Bearing messages ranging from the inspiring to the insipid, “love locks” can be found clamped onto bridges in major cities around the world. But no place has it worse than Paris, where the padlocks cover old bridges in a kind of urban barnacle, climbing up every free surface.
Take the Pont des Arts, Paris’ most famous footbridge across the Seine river. Hundreds of thousands of padlocks cover its old iron railings; the light of day barely passes through them.
Lisa Taylor Huff, an American living in Paris, has seen enough. She says Paris is not just for tourists but also for Parisians. And two months ago, she started a campaign to take back the city’s structures.
“These are historic monuments, these bridges, and they’re being completely desecrated by this so-called tradition,” says Huff, who notes that the practice is no way a Parisian or even a French tradition.
That she and her partner in the anti-love-lock campaign are American has only brought the online campaign more publicity, says Huff — who adds that she has dual nationality but is Parisian through and through.

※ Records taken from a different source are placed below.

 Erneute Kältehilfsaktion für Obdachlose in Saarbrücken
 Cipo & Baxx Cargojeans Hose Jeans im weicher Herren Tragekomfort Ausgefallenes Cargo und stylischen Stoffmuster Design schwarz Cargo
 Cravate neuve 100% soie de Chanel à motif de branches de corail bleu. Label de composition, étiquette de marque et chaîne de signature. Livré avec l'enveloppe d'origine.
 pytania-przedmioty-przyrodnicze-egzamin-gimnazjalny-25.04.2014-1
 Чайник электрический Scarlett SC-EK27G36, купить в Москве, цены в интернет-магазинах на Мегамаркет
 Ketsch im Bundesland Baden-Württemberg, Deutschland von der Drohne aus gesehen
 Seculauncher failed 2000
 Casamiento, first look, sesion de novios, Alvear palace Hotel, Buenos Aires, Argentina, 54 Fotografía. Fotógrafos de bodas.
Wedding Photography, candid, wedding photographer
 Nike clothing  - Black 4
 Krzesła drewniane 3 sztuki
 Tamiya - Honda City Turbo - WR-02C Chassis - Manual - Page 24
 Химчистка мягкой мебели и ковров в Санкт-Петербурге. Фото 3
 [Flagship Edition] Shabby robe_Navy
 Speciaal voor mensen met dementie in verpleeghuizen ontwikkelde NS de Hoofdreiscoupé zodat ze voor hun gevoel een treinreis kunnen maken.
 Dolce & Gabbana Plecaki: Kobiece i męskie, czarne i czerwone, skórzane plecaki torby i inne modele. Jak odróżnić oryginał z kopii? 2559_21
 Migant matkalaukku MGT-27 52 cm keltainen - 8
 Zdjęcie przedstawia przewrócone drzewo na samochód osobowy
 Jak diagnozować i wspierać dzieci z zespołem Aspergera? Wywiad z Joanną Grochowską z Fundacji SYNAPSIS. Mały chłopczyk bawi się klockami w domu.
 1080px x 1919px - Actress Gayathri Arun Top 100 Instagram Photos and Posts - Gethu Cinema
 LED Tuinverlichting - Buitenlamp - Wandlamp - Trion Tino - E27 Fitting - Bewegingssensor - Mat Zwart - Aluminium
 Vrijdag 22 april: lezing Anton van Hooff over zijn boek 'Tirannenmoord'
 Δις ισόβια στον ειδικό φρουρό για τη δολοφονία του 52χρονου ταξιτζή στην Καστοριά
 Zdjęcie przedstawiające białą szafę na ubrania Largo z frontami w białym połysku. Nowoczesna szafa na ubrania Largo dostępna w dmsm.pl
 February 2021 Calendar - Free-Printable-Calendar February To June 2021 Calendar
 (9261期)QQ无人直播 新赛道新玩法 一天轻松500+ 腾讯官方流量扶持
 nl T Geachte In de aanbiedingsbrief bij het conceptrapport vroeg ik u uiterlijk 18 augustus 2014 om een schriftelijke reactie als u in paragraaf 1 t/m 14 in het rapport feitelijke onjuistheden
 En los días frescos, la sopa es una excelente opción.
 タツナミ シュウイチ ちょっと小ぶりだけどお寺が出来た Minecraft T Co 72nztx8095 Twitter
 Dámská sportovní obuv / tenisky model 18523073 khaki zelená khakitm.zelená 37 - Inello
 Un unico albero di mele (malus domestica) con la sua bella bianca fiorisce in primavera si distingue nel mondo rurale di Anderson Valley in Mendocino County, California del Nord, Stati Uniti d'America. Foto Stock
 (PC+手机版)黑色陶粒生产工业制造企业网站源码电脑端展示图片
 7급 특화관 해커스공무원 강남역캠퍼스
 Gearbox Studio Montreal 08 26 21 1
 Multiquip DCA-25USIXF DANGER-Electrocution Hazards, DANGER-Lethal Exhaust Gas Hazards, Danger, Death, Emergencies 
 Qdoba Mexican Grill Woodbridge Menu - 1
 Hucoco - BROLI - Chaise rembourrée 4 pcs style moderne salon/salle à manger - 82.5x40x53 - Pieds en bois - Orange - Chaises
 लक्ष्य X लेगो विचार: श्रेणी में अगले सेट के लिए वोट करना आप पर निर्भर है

But what about “the city of love,” I ask her?
Shooting right back, she says, “What about love for Paris?”
Tourists have a responsibility to be respectful of places they’re visiting, Huff points out.
“There’s that adage,” she says. “Tread lightly, take only photographs, leave only footprints.”
Huff calls the locks “heavy footprints.” She says they threaten architecture and cost Paris taxpayers. City officials, she says, have taken a laissez-faire attitude because they don’t want to dampen Paris’ romantic reputation. Huff hopes her petition, which has already garnered thousands of signatures, will force the city to consider banning the locks.
No one from city hall wants to speak on the record. They say only that the city regularly replaces overburdened railings on the bridges.
On a recent day, standing in the middle of the Pont des Arts, with a perfect view of Ile de la Cite, Austrian tourists Isabella Schauffler, 19, and Fabien Hampel, 21, throw the key to their newly clamped lock into the Seine.
“I think it’s a great idea,” says Schauffler.
“To show our love together,” adds Hampel.
Schauffler says she hopes they will stay together for a long time: “As long as the lock remains,” she says.
The love lock trend took off in the late 1990s. Paris is hardly the only city dealing with the problem, but as the world capital of romance, it takes the brunt of it. Le Monde newspaper estimated in February that there were as many as 700,000 locks on the Pont des Arts alone.
And the practice has spread beyond traditional romance. Now you can find friend and family locks on the bridge.
The Ericson family is looking for a place for its pink padlock. Tim and Sonia’s 5-year-old daughter, Eva, has written her parents’ initials on one side and her grandmother’s on the other — she’s back home in Seattle and not in good health.
Tim and Sonia say it’s a way for their daughter to think about her grandmother and wish her good health.
The Ericsons hope to be back in a few years and find the lock they’ve left that day.
Not surprisingly, there are plenty of people ready to cash in on all the love lock enthusiasm — like Arman, from India, who doesn’t want to give his last name because it’s illegal to sell padlocks on the bridge.
Arman glances left and right as he talks. He says the money’s good, especially on weekends, but he has to keep a constant watch for cops. He shows me a segment of bridge grillwork that was recently replaced: It’s already filled up with padlocks again.
So just how long do these eternal love locks actually last?
The lock could last years, he says, or it could last only a week. It all depends on how long the railing holds up.